Литмир - Электронная Библиотека

— Но ты могла бы бороться!

— И ты туда же. Зачем? Если бы между нами встало что-то внешнее, я бы на все пошла. На все, понимаешь? Но это же чушь, мелодраматическое беснованье. Ни от подвигов, ни от преступлений толку не будет. Нас прежних больше нет. Что я могу? Изменить прическу? Понизить уровень притязаний? Расстелиться ковриком? Скоропостижно родить? Сыграть на ревности или жалости? Мужичонко забаловал, но есть бабьи способы не дать ему уйти. Это называется удержать мужа. А на что мне муж?

Сколько мертвых слов. Я стараюсь не врать. Напрасный труд. Правда так же мертва, как самые последние враки.

— А эта другая, она существует? Кто, откуда взялась?

— Никогда ее не видела. Знаю только то, что сказал сам Скачков. Они вместе работают, и это она сделала первый шаг… воображаю, какой павлиний хвост он предварительно распустил! Видимо, хорошая девочка, да и он не так глуп, чтобы связаться с дрянью. Она на три года моложе меня. Не в пример мне длинноногая. Восторженная.
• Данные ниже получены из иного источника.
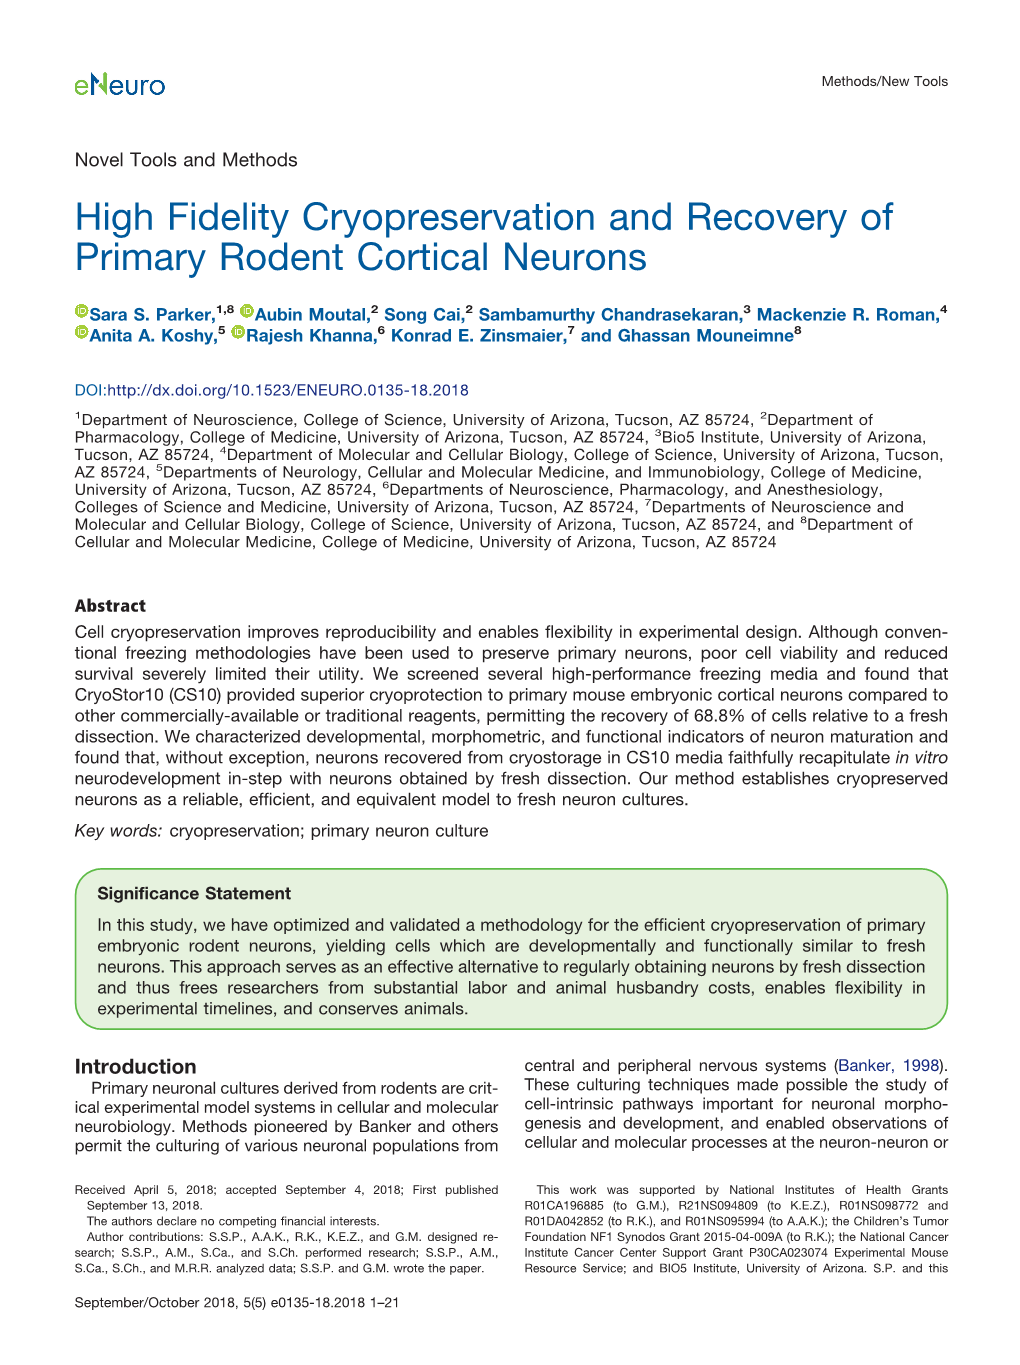 High Fidelity Cryopreservation and Recovery of Primary Rodent Cortical Neurons

Росла без отца, мечтала о мужчине старше себя, о мужском руководстве, и вот в Скачкове ей почудилась эта нравственная зрелость…

Внезапный — на нервной почве, должно быть, — смех прерывает мое повествование на полуслове. Вообразив милого, в общем-то, ее сердцу Скачкова в подобной патриархальной роли, смеяться начинает и Вера. Мы обе хохочем всласть, до слез, — наш полузабытый детский способ разделываться с бедами. С моей так не справиться, но минута хороша.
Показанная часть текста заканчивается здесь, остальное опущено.